From 1995 to 2005 Skipitares traveled frequently with La MaMa's founder, Ellen Stewart, to create projects in Vietnam, Cambodia, Serbia, Albania, and South Africa. In 1999 Skipitares went to India on the first of three Fulbright fellowships there. Its impressive traditions of storytelling and puppetry led her into a reexamination of her own roots and the dramatic literature of ancient Greece. Beginning in 2003, she created three works connecting the Trojan War with the Iraq War: Helen: Queen of Sparta, Odyssey: The Homecoming, and Iphigenia. In 2009 she premiered The Travelling Players Present the Women of Troy, a play in which giant 13-foot-high puppets representing contemporary real-life female activists from Africa and Afghanistan "gave birth" to Euripides' characters in the play Trojan Women.

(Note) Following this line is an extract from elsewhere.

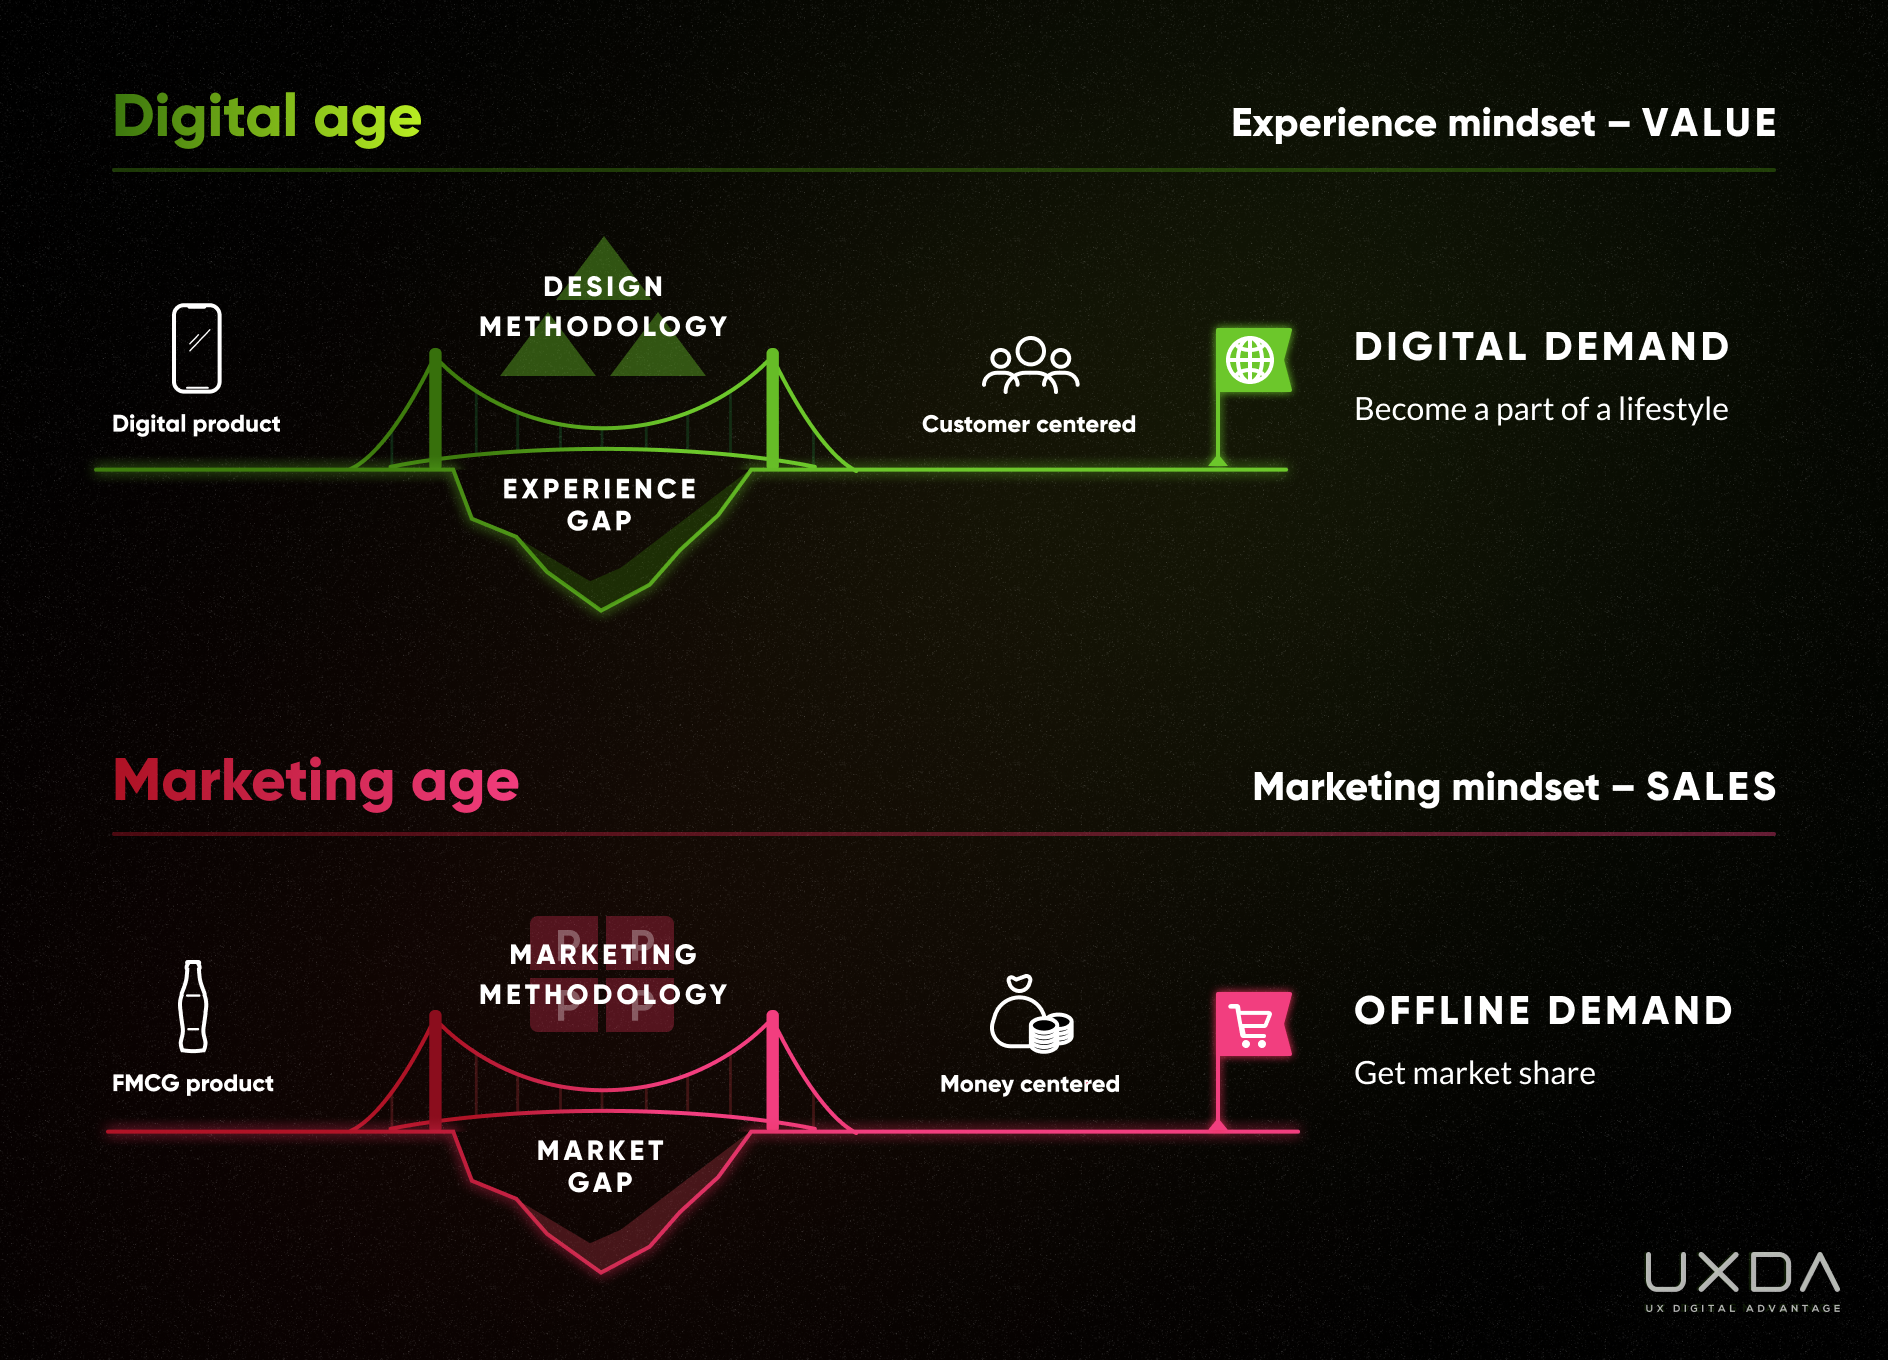 UX Design Approach Adapt Financial Brand Digital Age Metaverse transformation experience mindset value
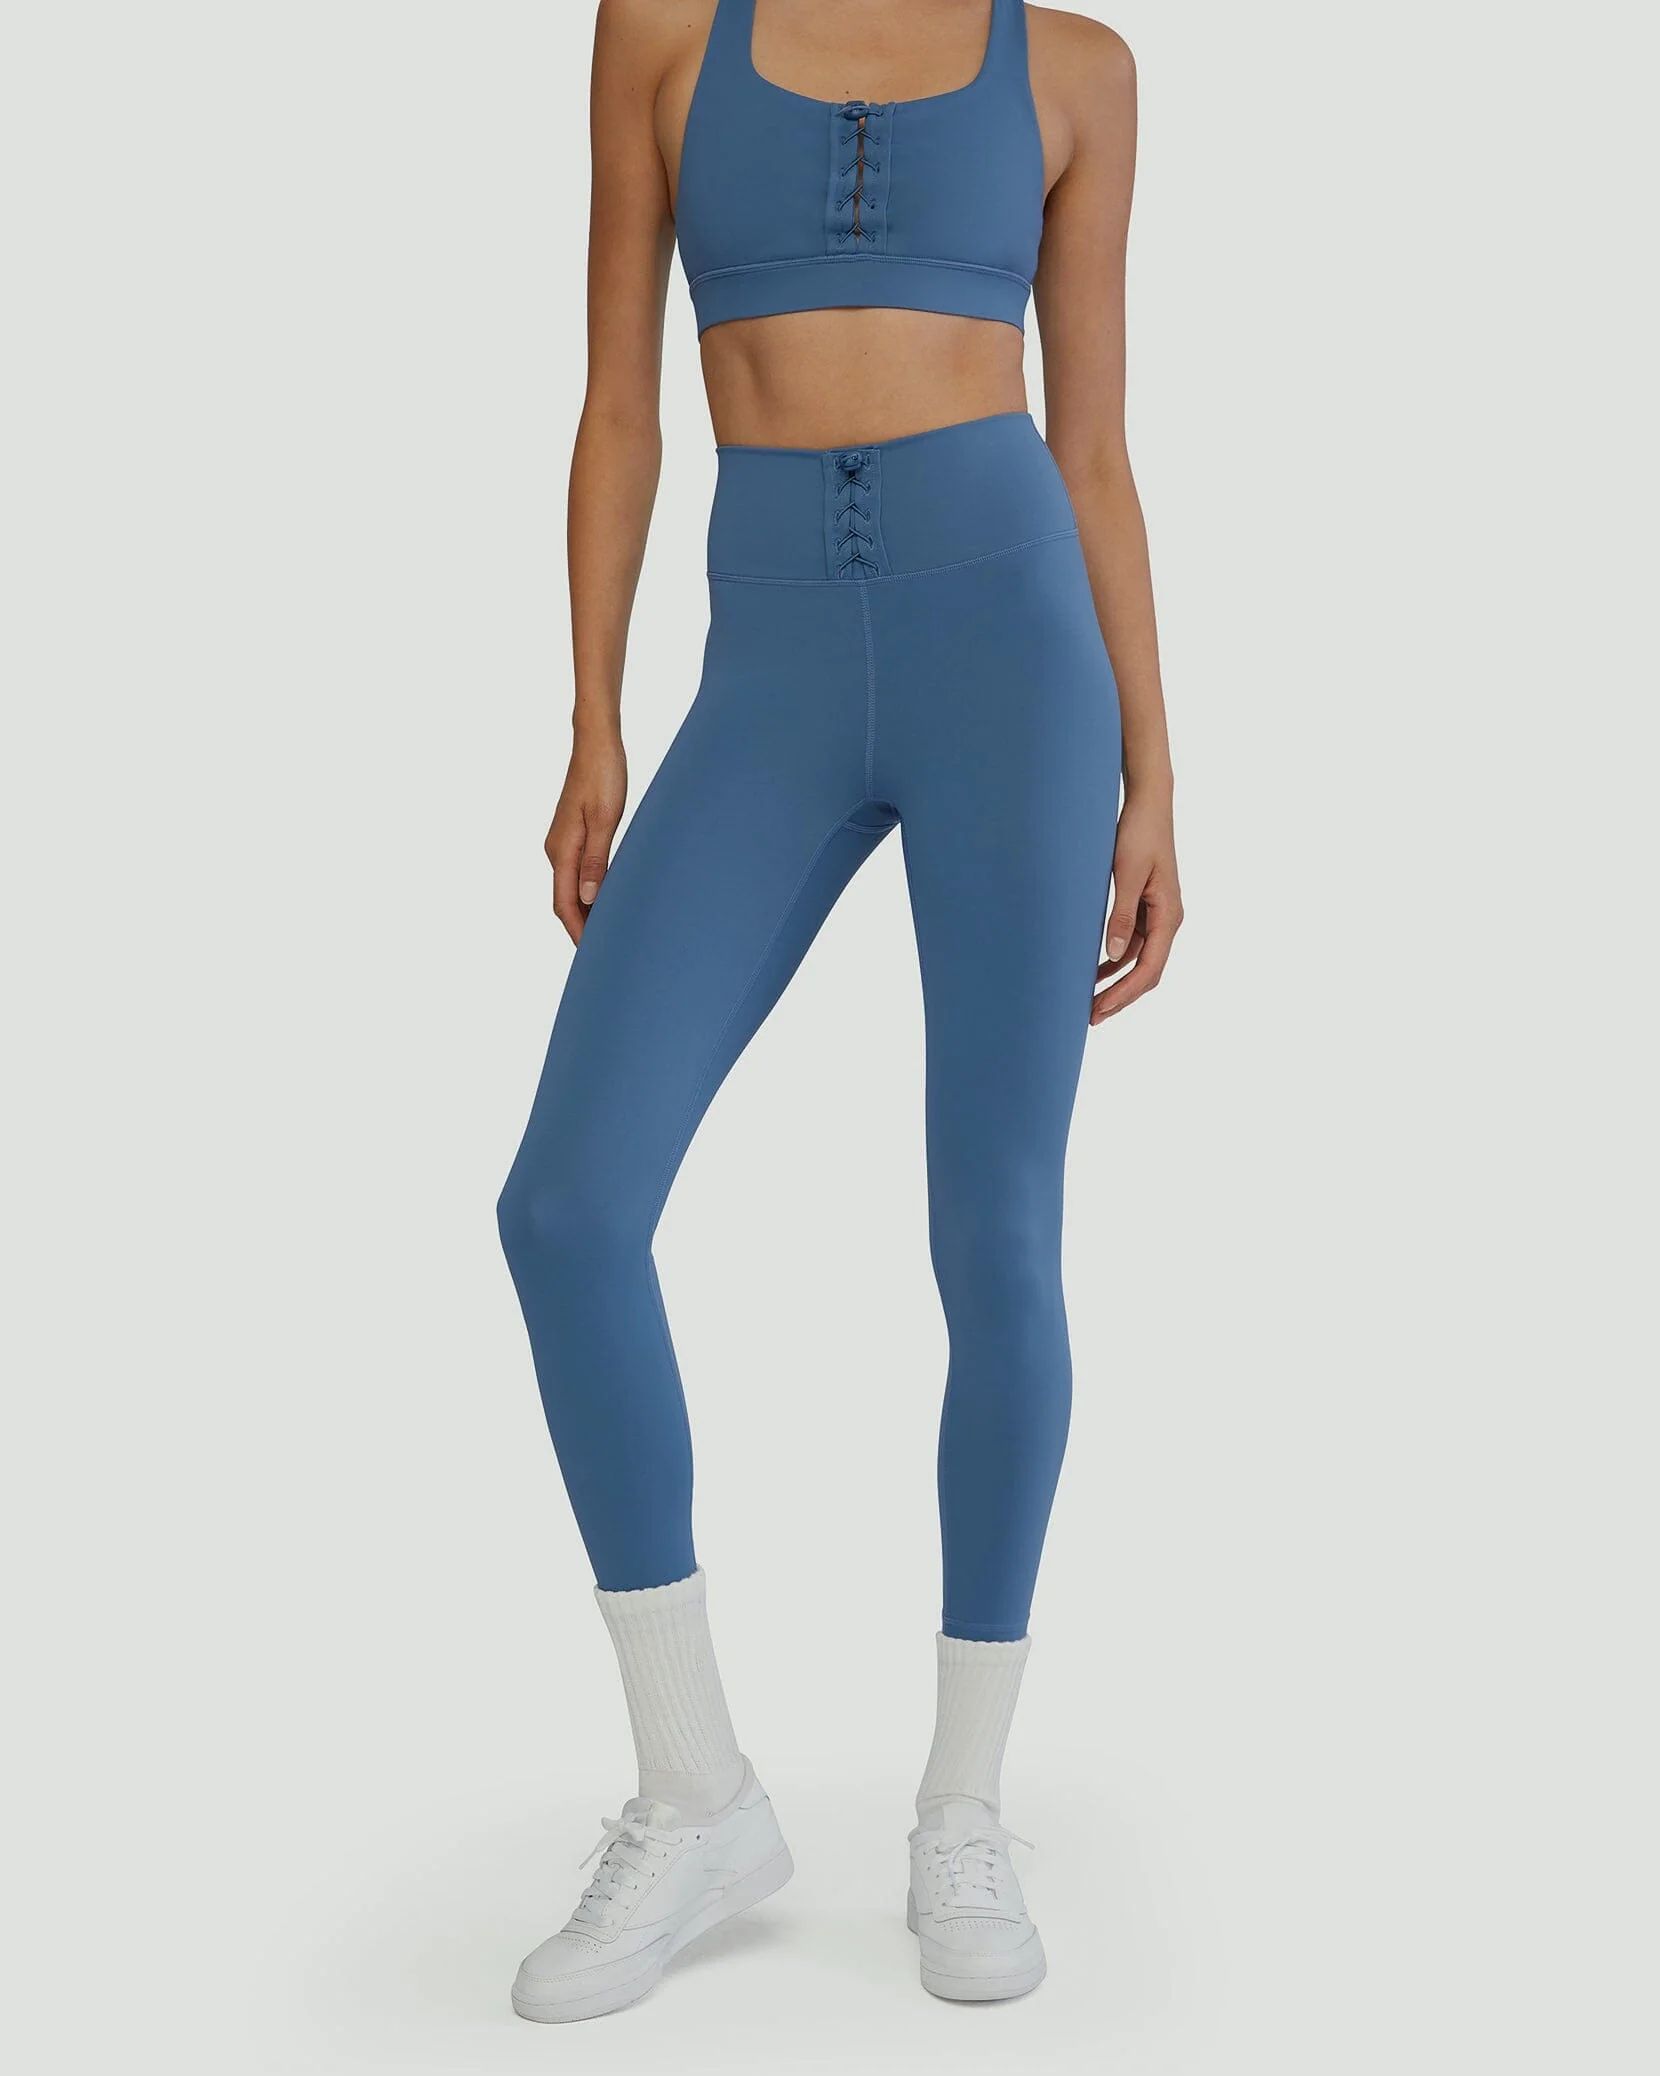 Lace Up Legging | IVL COLLECTIVE

Skipitares continued to explore Greek texts with a production of Lysistrata in 2010 and Prometheus Within in 2011. Skipitares then shifted to an exploration of absurdist plays of the twentieth century. Her The Chairs (2014) was a "puppet theater response" to Eugene Ionesco's play. She created 29 "performing" chairs and let each chair tell the story of a real-life person, in contrast to the invisibility of Ionesco's "guests." Judith Malina, a founder of the Living Theater, was the voice of the Old Woman, the host for all the guests. In 2016 Skipitares staged Six Characters (A Family Album), a reimagination of Luigi Pirandello's classic play.